» **Your objective**
Copy exactly, beginning with the line holding "Golden Gate Bridge embroidery pattern" and ending with the final line of the data beneath this task; copy nothing else, and leave out every picture.

» **Given data**
'''

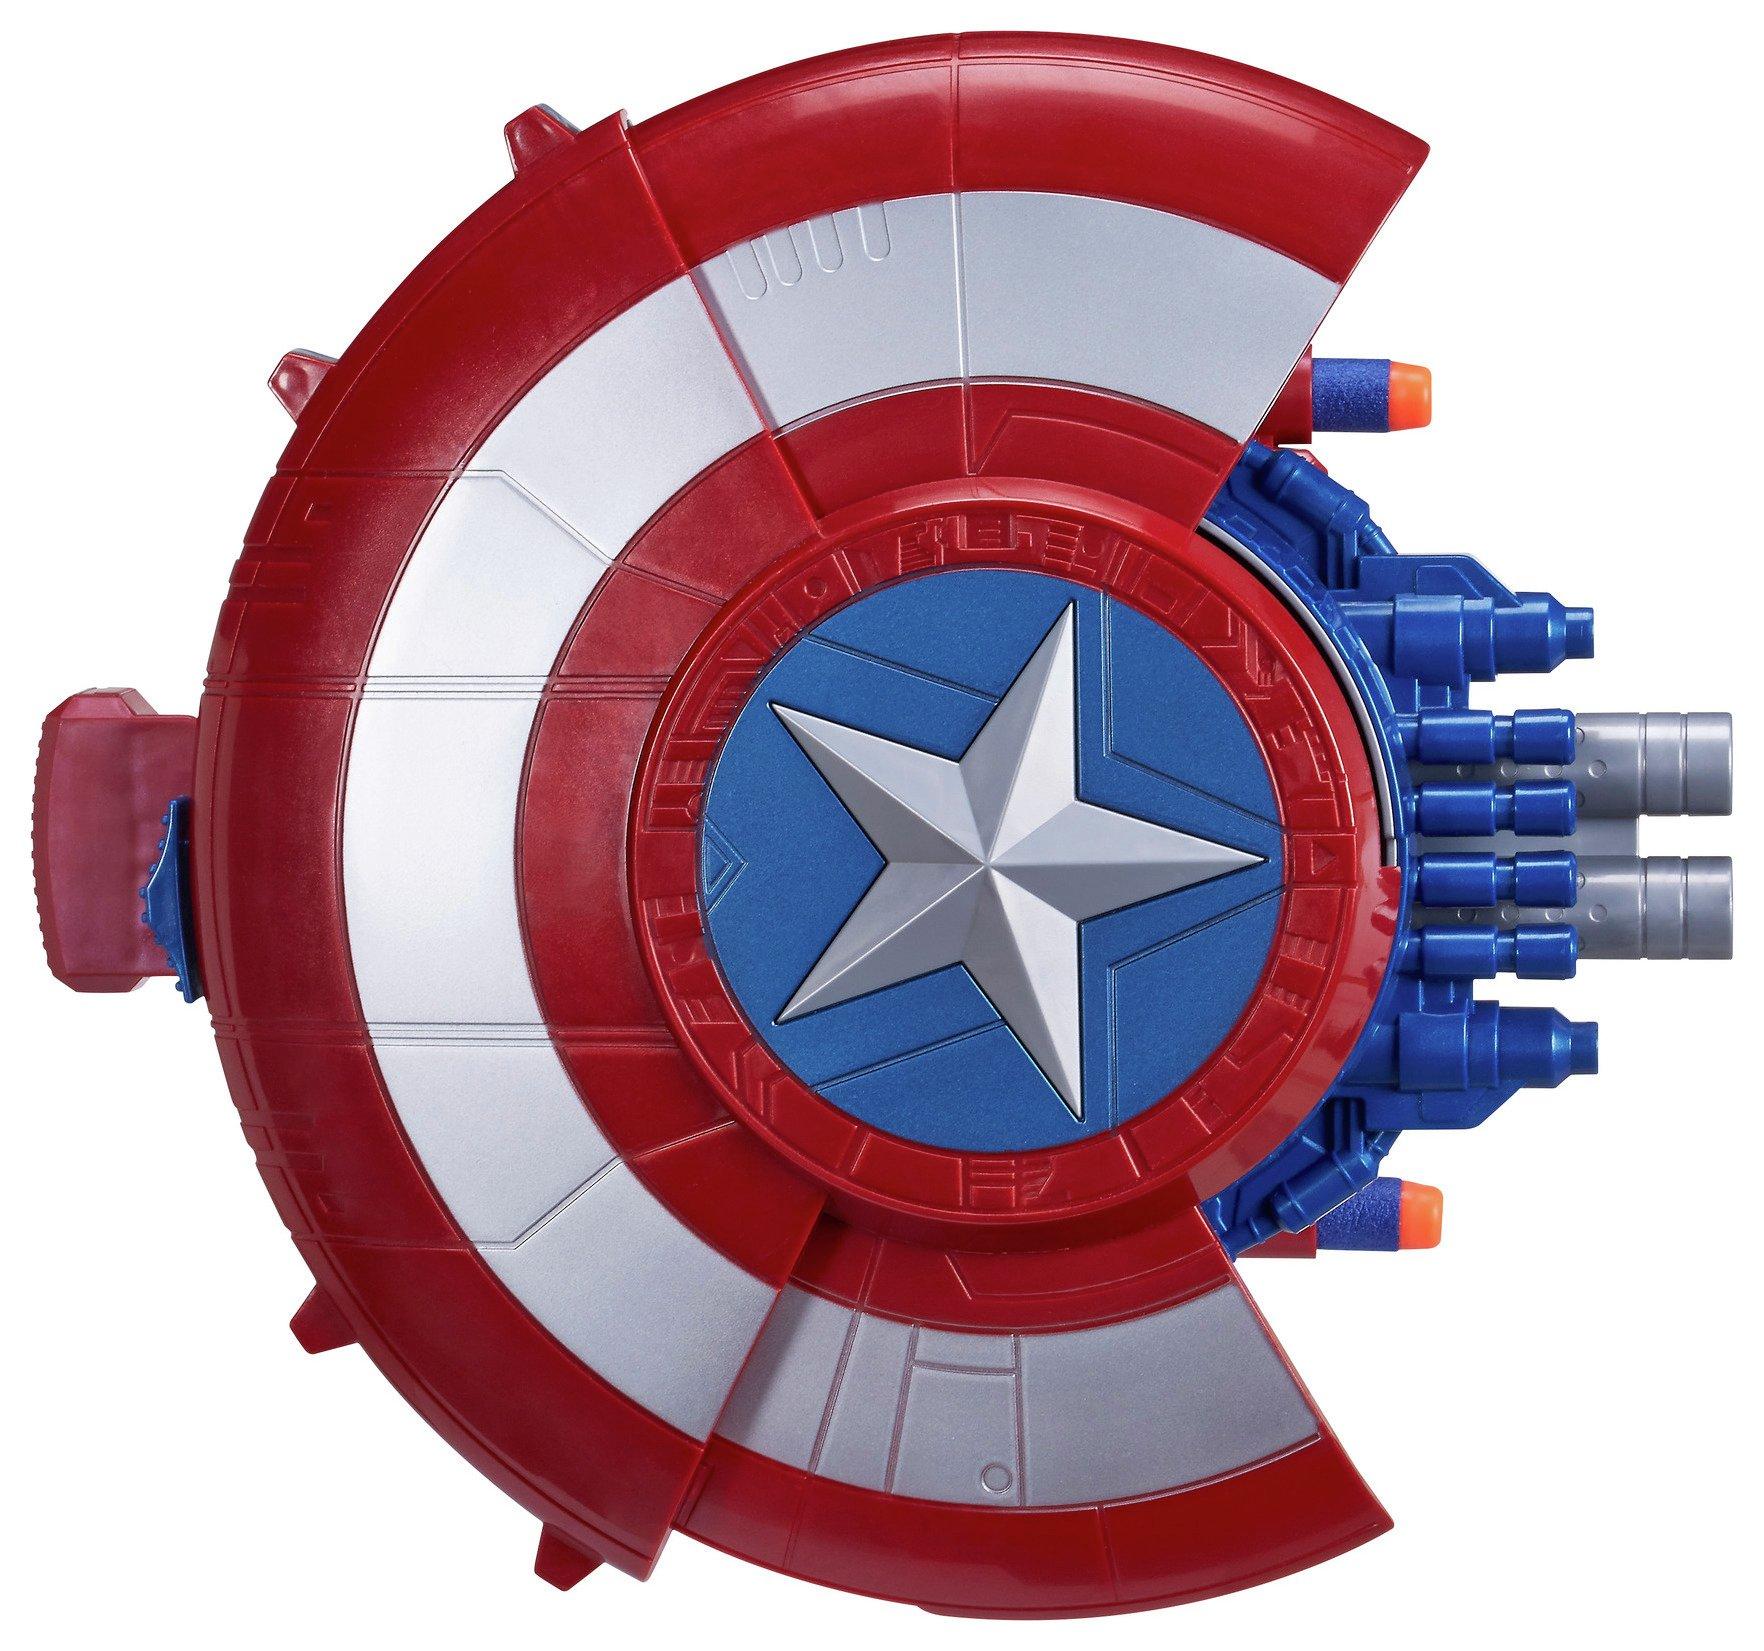 Image of Marvel Captain America: Civil War Blaster Reveal Shield
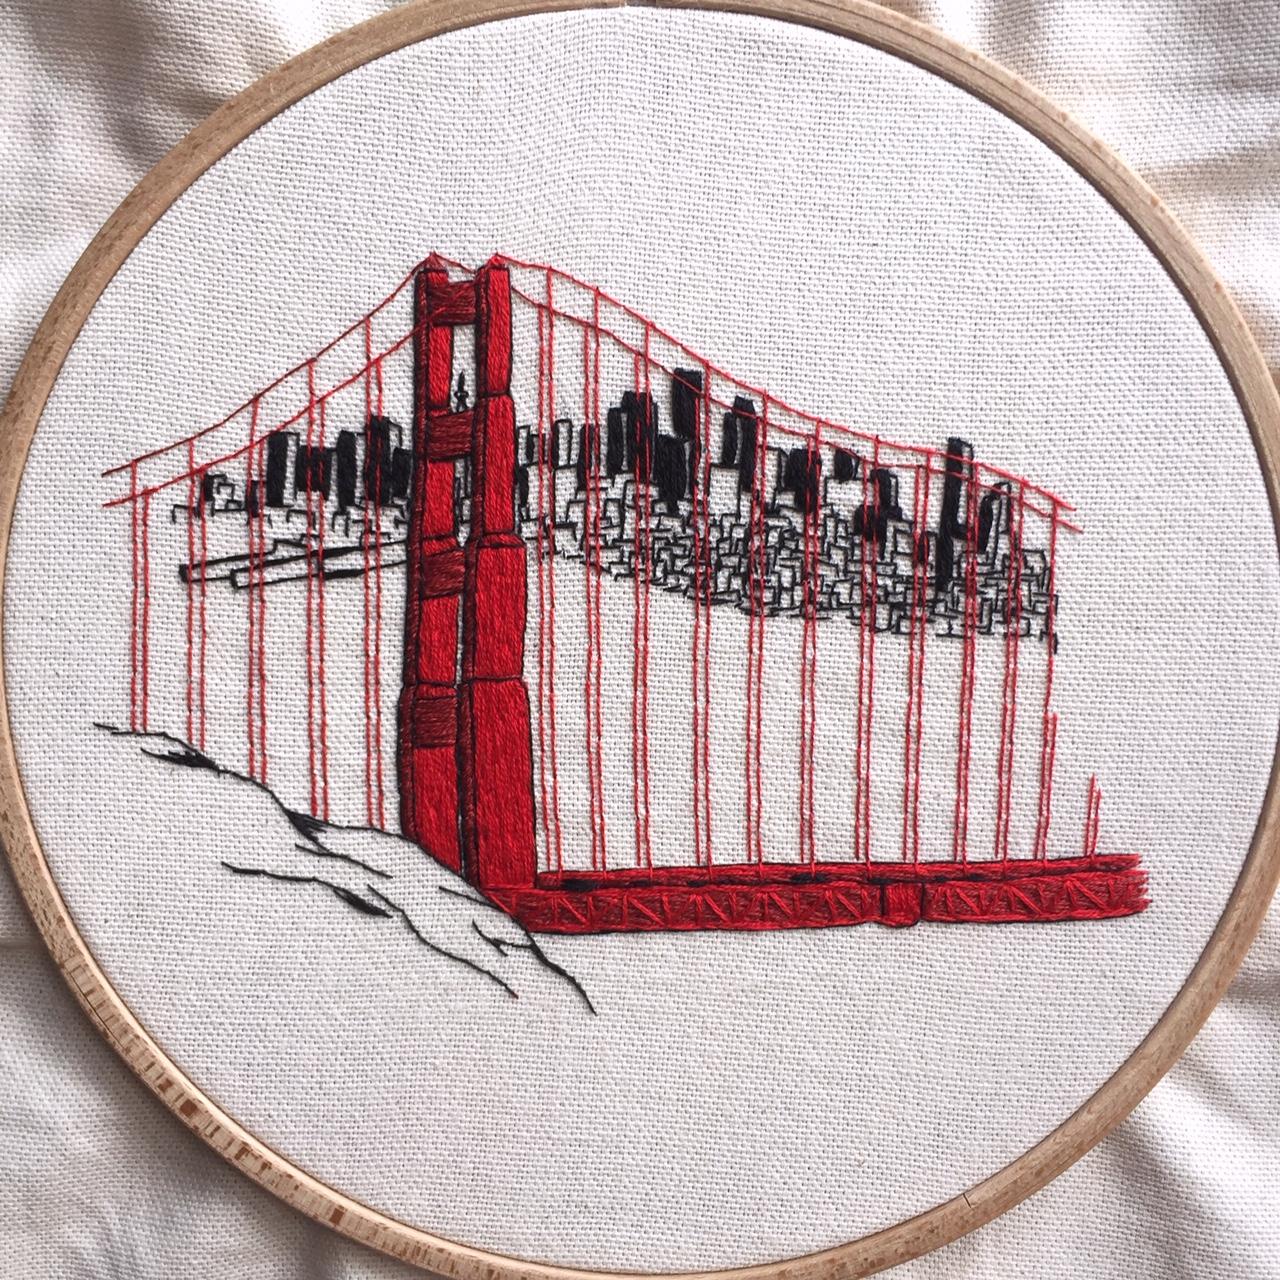 Golden Gate Bridge embroidery pattern
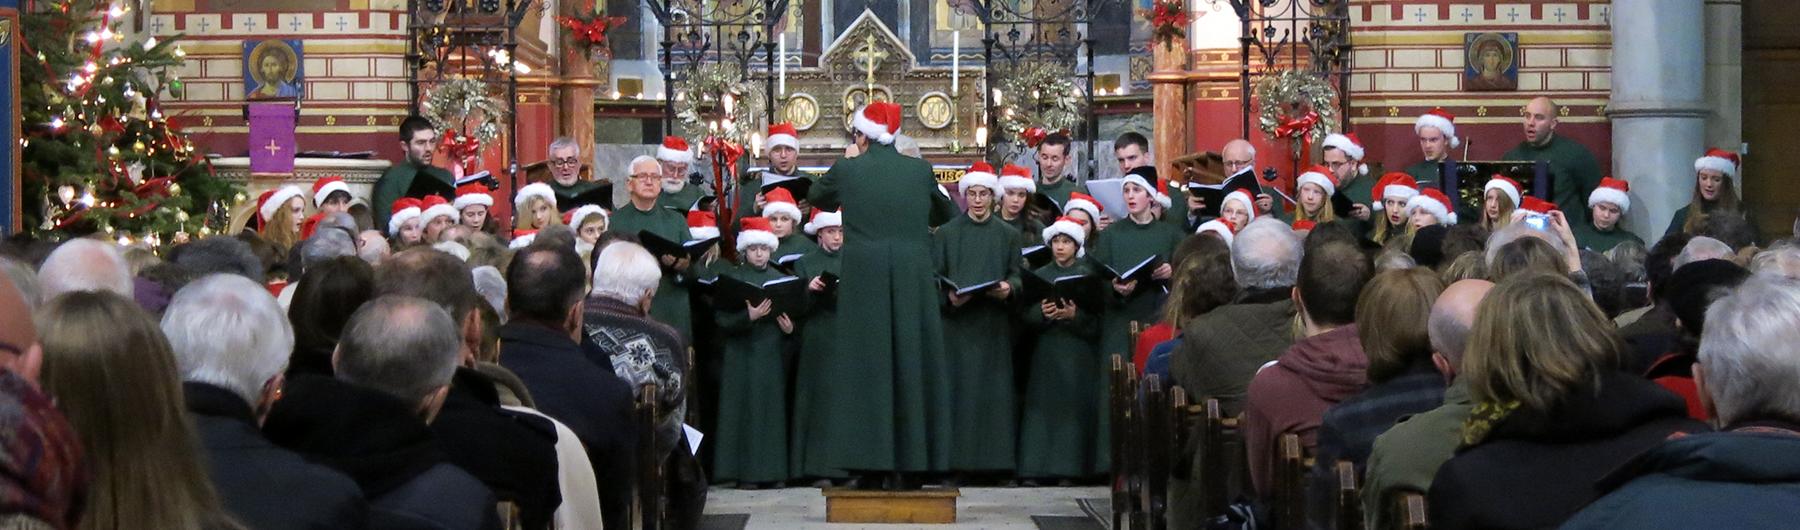 Carols and Festive Readings (15 December)

'''

» **Solution for this problem**
 Golden Gate Bridge embroidery pattern
 Carols and Festive Readings (15 December)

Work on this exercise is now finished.